Он оставил связку на посту и, бросив последний предупреждающий взгляд на камеру (заключенный не шевелился), побрел обратно наверх, на первый этаж, отыскивая по запаху туалет.
Дверь в мужской туалет была приоткрыта. Внутри пахло хлоркой и сыростью. Лаки подошел к низкому, белому писсуару и встал перед дилеммой. Просто присесть здесь — означало оставить метку, признать свою животную сущность, которую тут, кажется, пытались преодолеть. Он вспомнил, как однажды подсмотрел за Роджером…
С тихим стоном усилия он медленно поднялся на задние лапы. Передние, все еще скованные браслетами, с трудом нашел опору на холодной кафельной стене. Он держался, дрожа от напряжения в бедрах и спине, балансируя, чувствуя, как браслеты впиваются в запястья. Это было неудобно, унизительно и смешно. Но это было по-человечески. Или, по крайней мере, так ему казалось. Он справил нужду, стараясь не смотреть вниз, чувствуя странную, горькую победу над обстоятельствами.
Вернувшись в подвал и убедившись, что его «подопечный» на месте, он наконец взял в зубы маленькие ключики. Теперь, со свободными задними лапами, ему было чуть проще. Встав снова на задние лапы у стены поста, он поднес ключ к замку на левом переднем браслете. Дрожал так, что несколько раз промахивался. Наконец, щелчок. Одна лапа свободна. Потом вторая. Браслеты с глухим стуком упали на бетонный пол.
Он опустился на все четыре лапы и долго-долго просто тряс ими, поднимая и опуская, сгибая и разгибая суставы. Кровь хлынула в онемевшие места, вызывая мурашки и колющую боль. На нежной шерсти вокруг запястий остались красные, четкие полосы — следы неволи. Он лизал их, утешая себя, как умел.
Голод, всегда актуальный, снова дал о себе знать. Он поднялся на кухню. Сегодня его не прельщало собачье печенье. Он потянулся к большой кастрюле, стоявшей на холодной плите. Внутри была остывшая, загустевшая гречневая каша с кусками тушенки. Людская еда. Пахло чесноком, лавровым листом, домашним уютом, которого здесь так не хватало. С большим трудом, опрокинув кастрюлю и помогая себе мордой, он наложил в найденную глубокую миску довольно приличную порцию. Ел медленно, смакуя каждый кусок соленого мяса, чувствуя, как тепло еды разливается по холодному, уставшему телу.
Но сытость не принесла покоя.

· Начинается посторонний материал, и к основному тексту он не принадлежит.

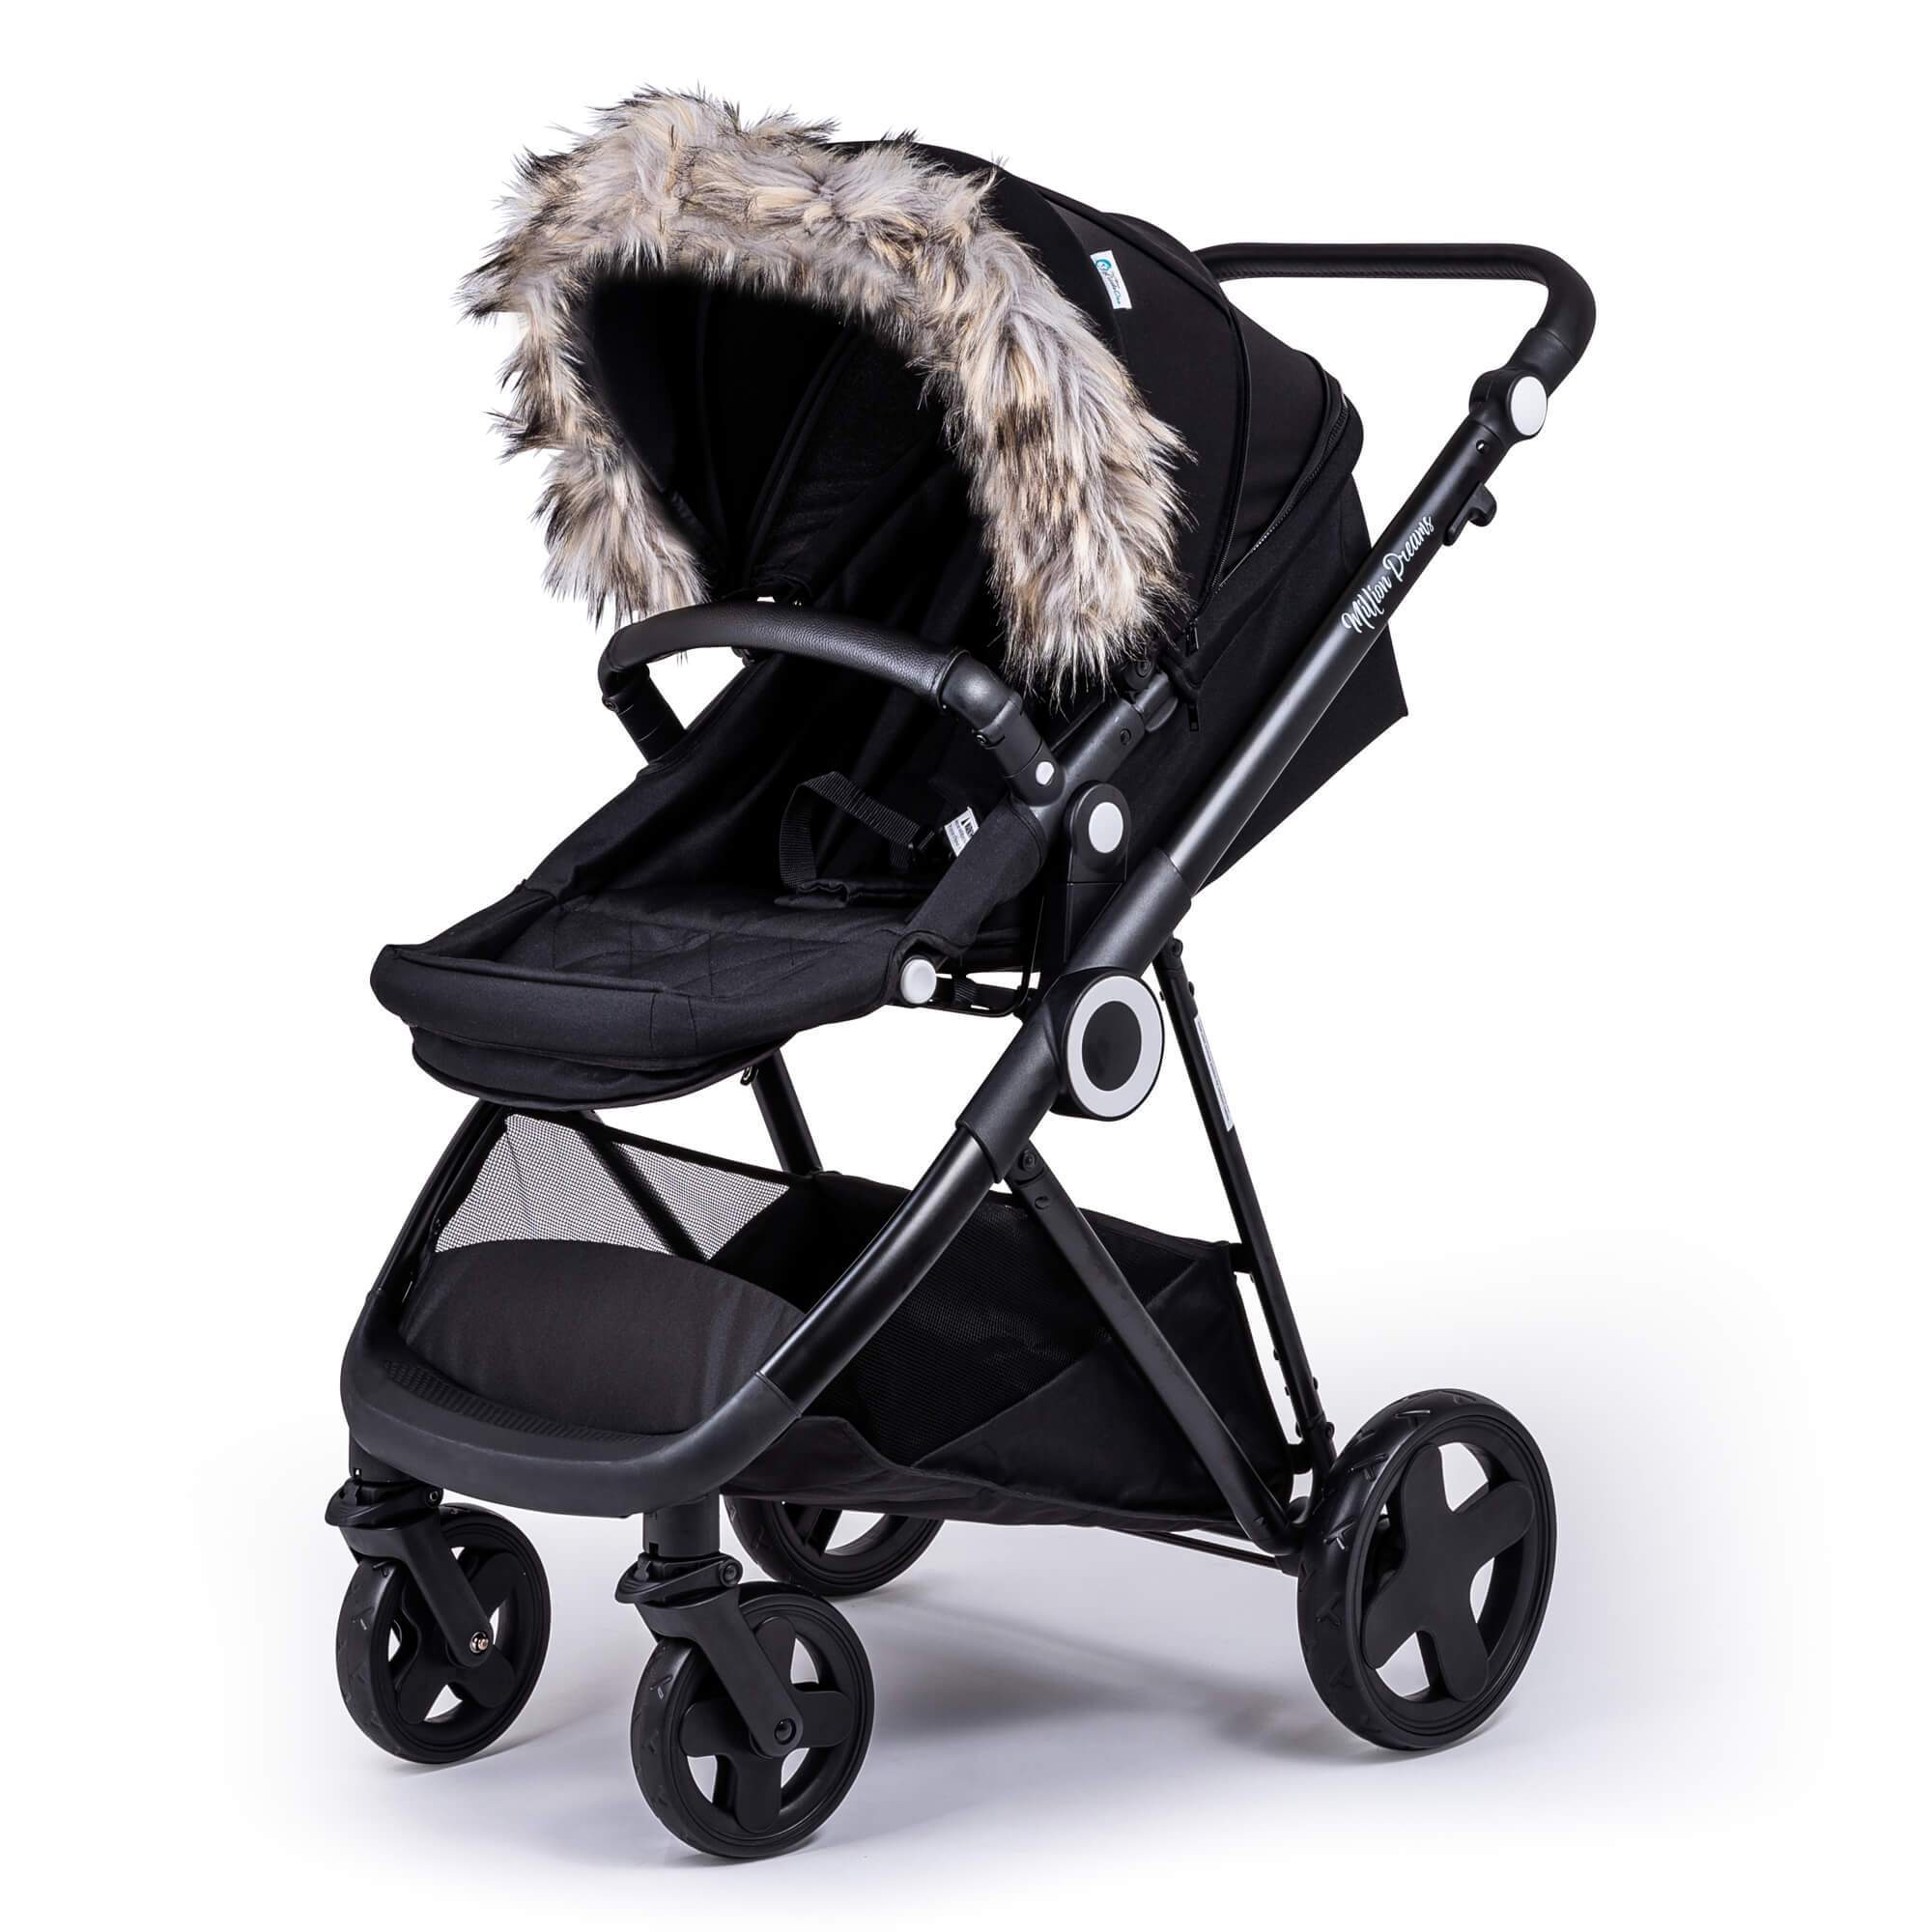 Pram Fur Hood Trim Attachment for Pushchair Compatible with Zeta - Light Grey / Fits All Models | For Your Little One

Принесла тяжелую, тоскливую грусть. Он ушел с кухни, прошел в первый попавшийся пустой кабинет, лишенный даже запаха человека, и улегся прямо на холодный линолеум, прижавшись боком к стене.

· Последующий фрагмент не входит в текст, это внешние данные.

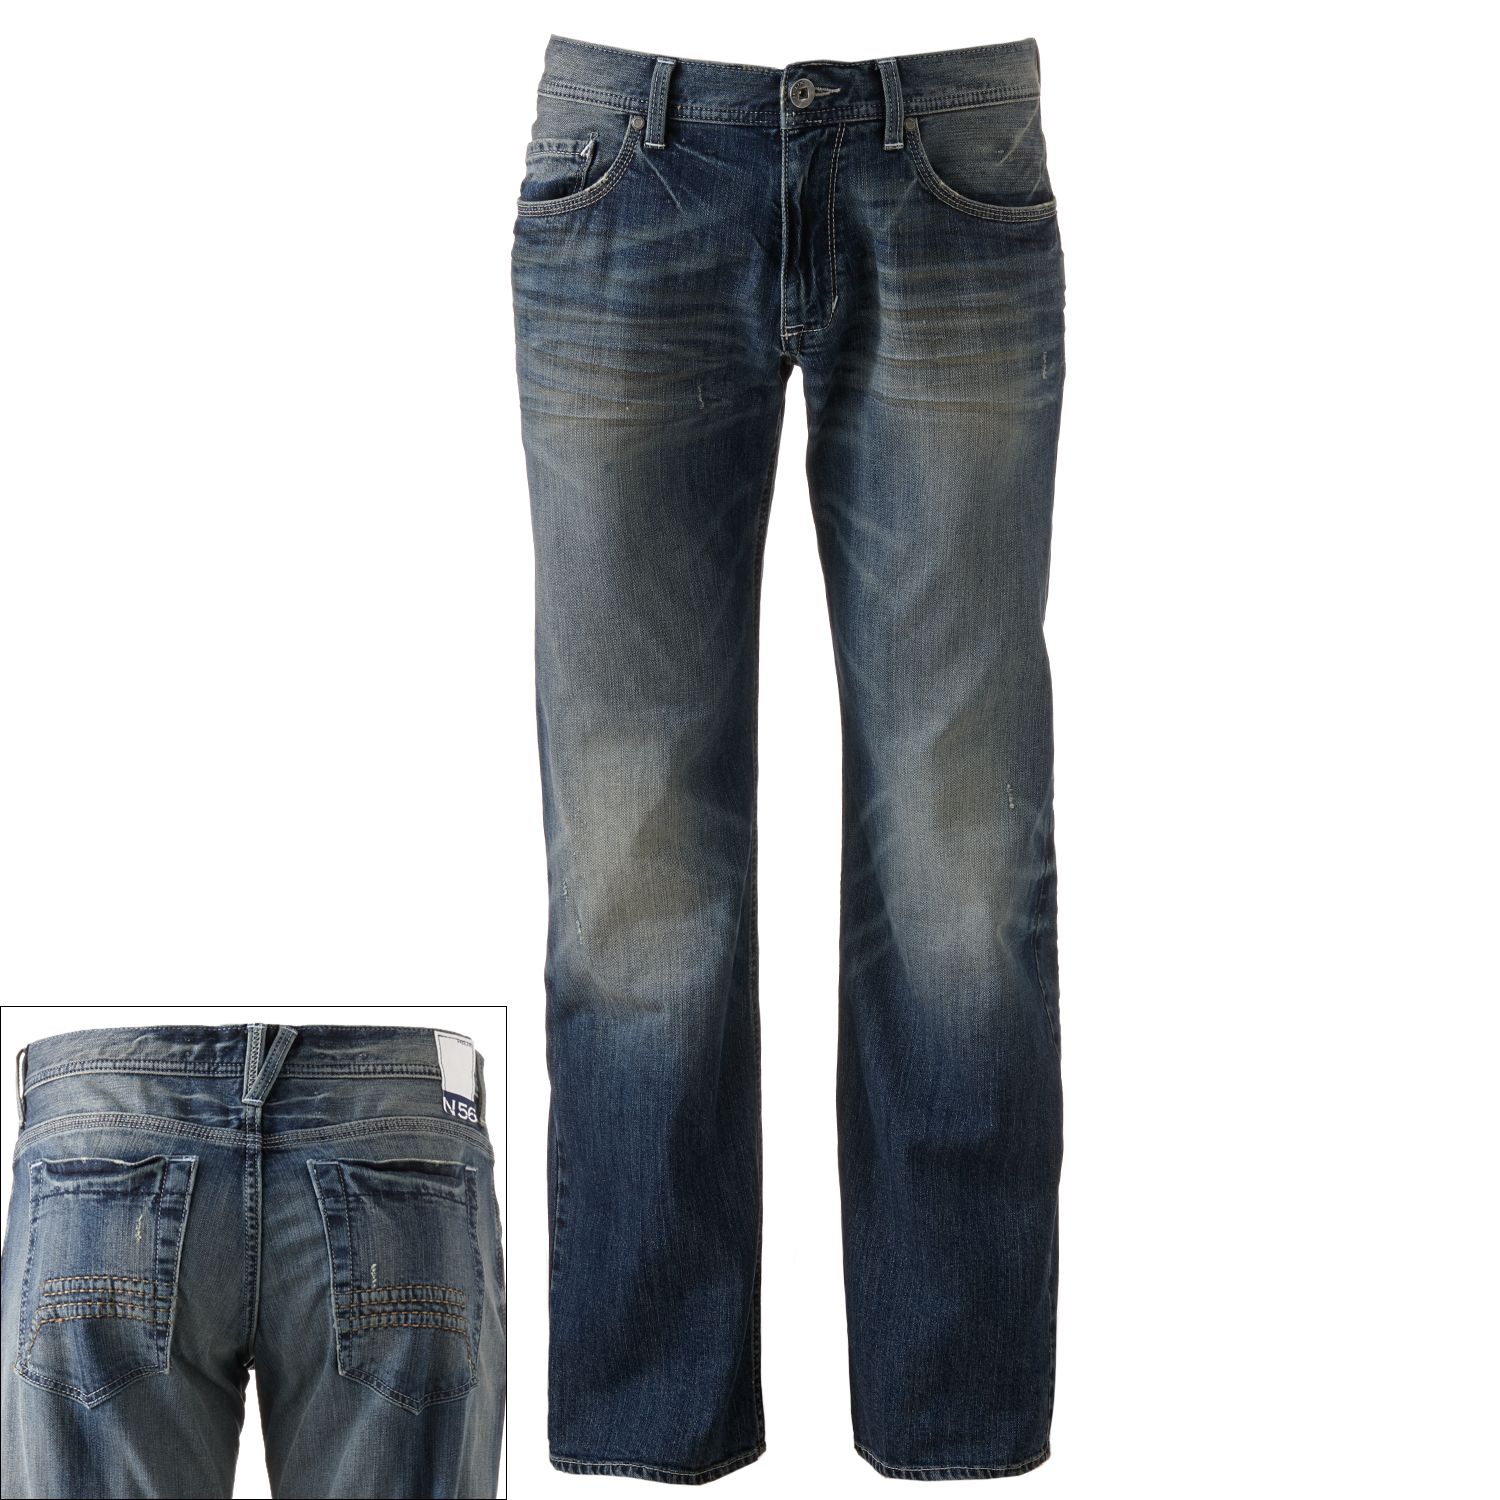 helix bootcut jeans

Тепло от еды внутри контрастировало с холодом пола снаружи. Грусть накатывала волнами, глухая и безысходная. Он застрял. Он был игрушкой в какой-то непонятной, безмолвной игре людей в форме. А там, на ферме… Родители, Понго и Пердита, наверное, мечутся, обнюхивая его подстилку, скуля от беспокойства. Роджер и Анита… Он представил их лица, искаженные паникой, их голоса, зовущие его по имени в ночи. Они думали, что он снова пропал, что, может быть, вернулся призрак Круэллы, что он в беде.
А он тут… ел гречку с тушенкой и сторожил какого-то бродягу, играя в полицейского.
Он закрыл глаза, прижав морду к полу. По щеке, теряясь в шерсти, скатилась горячая, соленая капля. Он не скулил. Он просто лежал в темноте под холодными флуоресцентными лампами, чувствуя себя самым одиноким, самым потерянным псом на свете. Игра потеряла всякий смысл. Он хотел только одного — домой.